That said, about ABS, as given by the OP in the question:

  • Young's Modulus at roughly 2~5 GPa. That means, it needs these kinds of pressure to cause a significant deformation in percentage compared with the original size within the linear hookean regime.

  • Bending Modulus (or flexural Modulus) is also about 2~5 GPa. This means that these are the pressures that will cause significant curvature change (at least in the context of linear hookean elastic plate theory).

  • Ultimate Tensile Strength (UTS) is about 40 MPa. That is "the equivalent" of the Young's Modulus for plastic deformation regimes. This means, at these stresses, the deformation will be plastic (instead of elastic), and will lead to tensile rupture.

  • Flexural Strength is about 72 MPa. That is "the equivalent" of the bending modulus for the plastic regime. At these pressures, it will lead to rupture.

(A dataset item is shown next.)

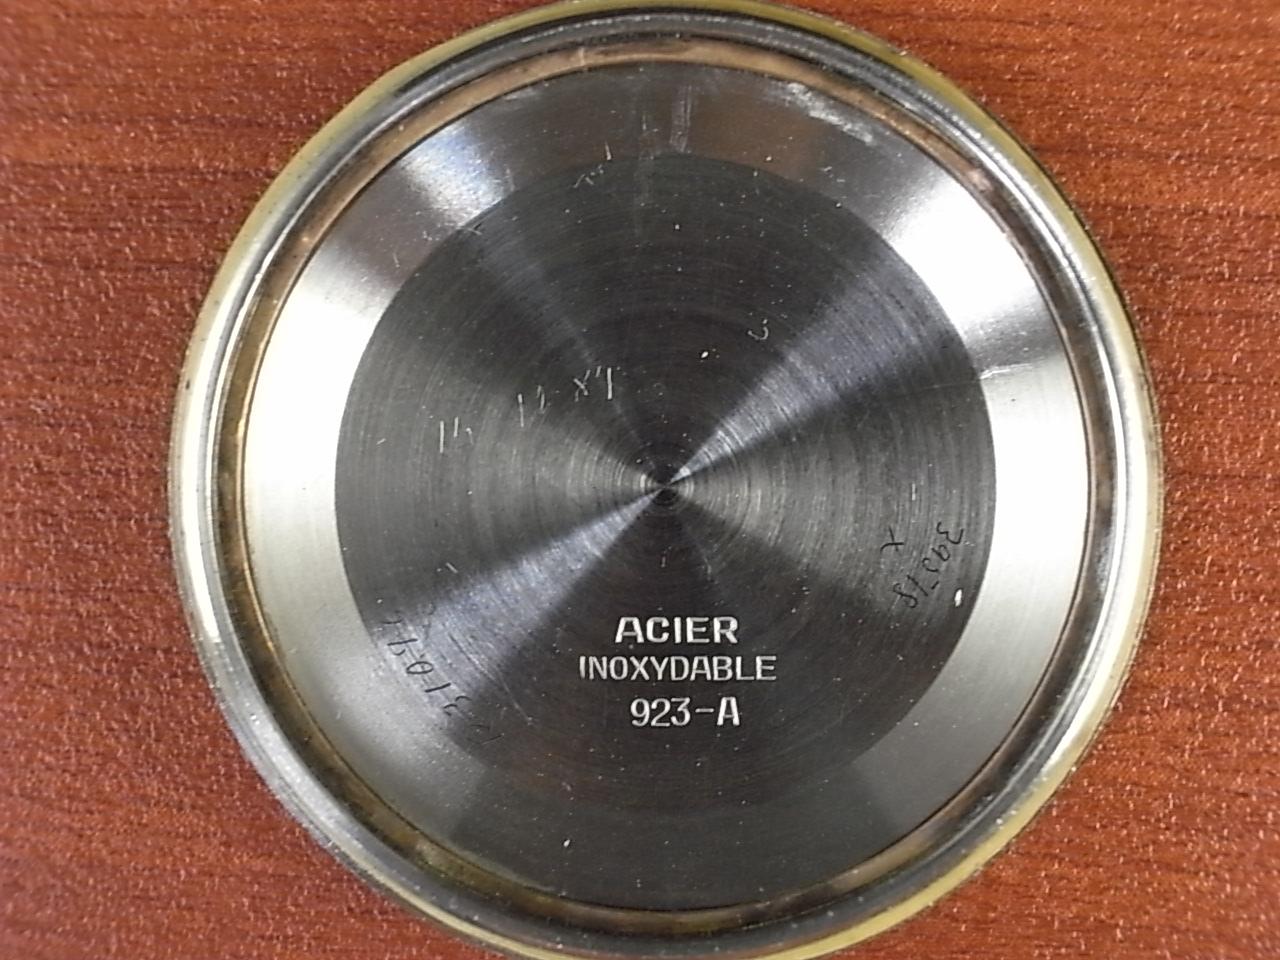 レマニア 2トーンダイアル キャリバー3000 スクリューバック 1950年代の写真6枚目
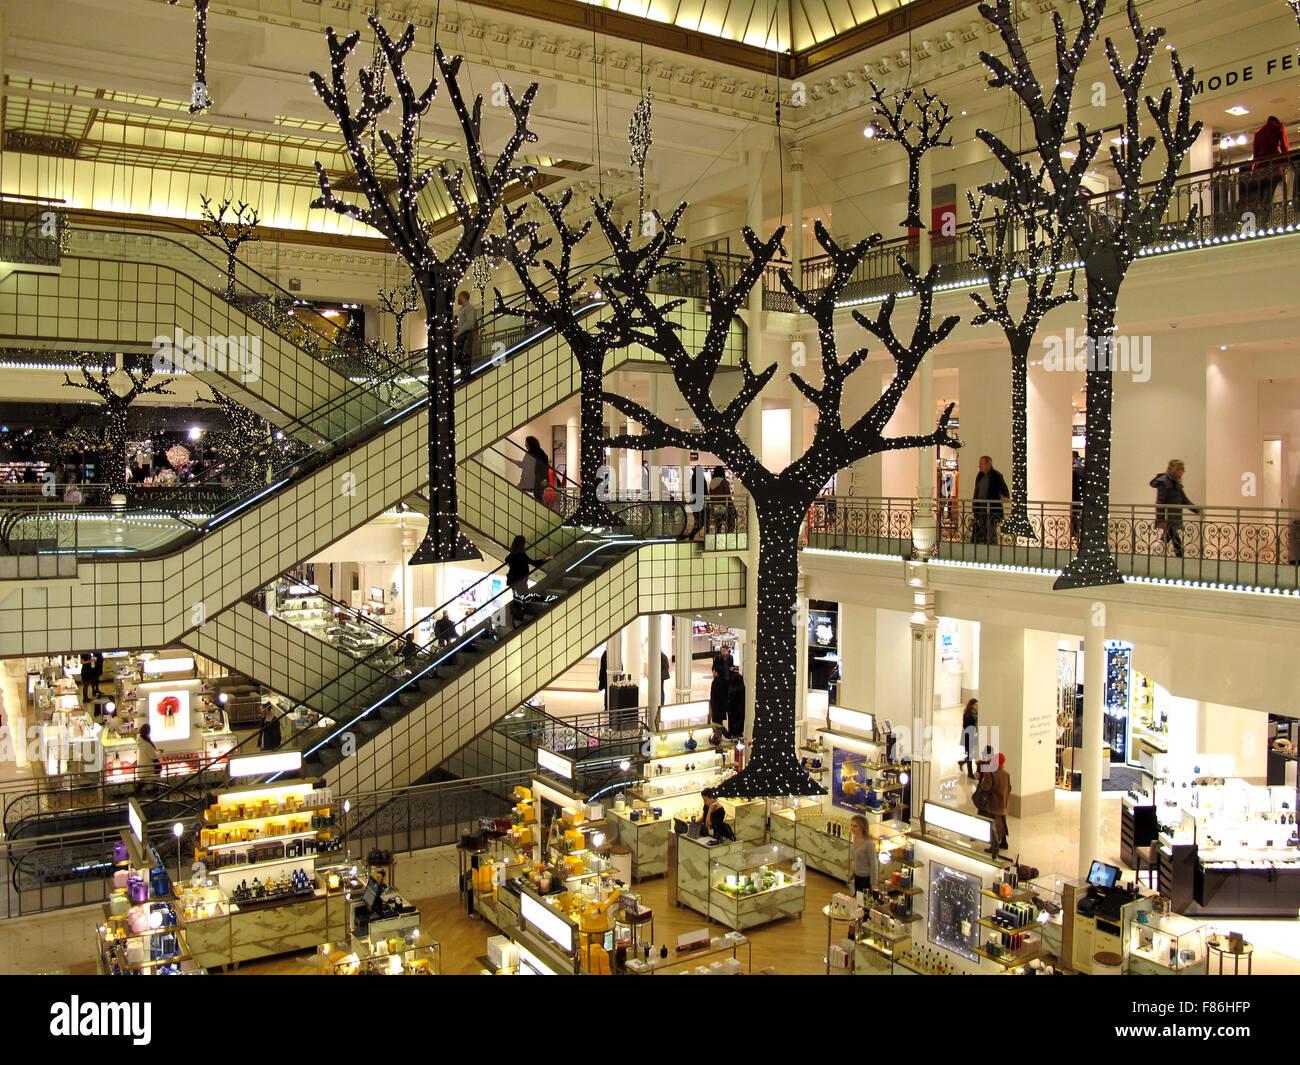 Le Bon Marche Department Store, Christmas Decoration, Paris, France, The  Iconic Central Escalators Designed By Andree Putman

Basically that means, that the lego blocks basically don't deform much, but they soon break: it doesn't stay too much in the linear regime.


Calculating the all materials' data

For a thin plate, the bending modulus is given by the equation below: $$ B = \frac{1}{12}\frac{h^3 E }{1 - \nu^2} $$

Where $h$ is the thickness of the plate, and $\nu$ is the Poisson ratio of the material, which is related to shear modulus by the following equation: $$ E = 2G(1+\nu) = 3K(1-2\nu) $$

Where $G$ is the shear modulus (describes what happens when one applies shear stresses), and $K$ is the bulk modulus of the material (proportional to the change in volume of the object under hydrostatic pressures) (we won't use $K$).

Plugging the given values for $E$ and $B$, together with the provided $h$ value from the shape of the block, we find: $$ \nu\approx 1, \quad\quad G\approx\frac{E}{4}, \quad\quad K\approx \frac{E}{3} $$

$\nu\approx 1$ means the brick will tend to volumetric expand/compress under pressure, instead of giving preference to the direction we're applying the stresses. Also, $G$ and $K$ are close enough to $E$, meaning, it resists shear stresses, tensile stresses and hydrostatic pressures around the same way (or, strain responses are in the same order of magnitude).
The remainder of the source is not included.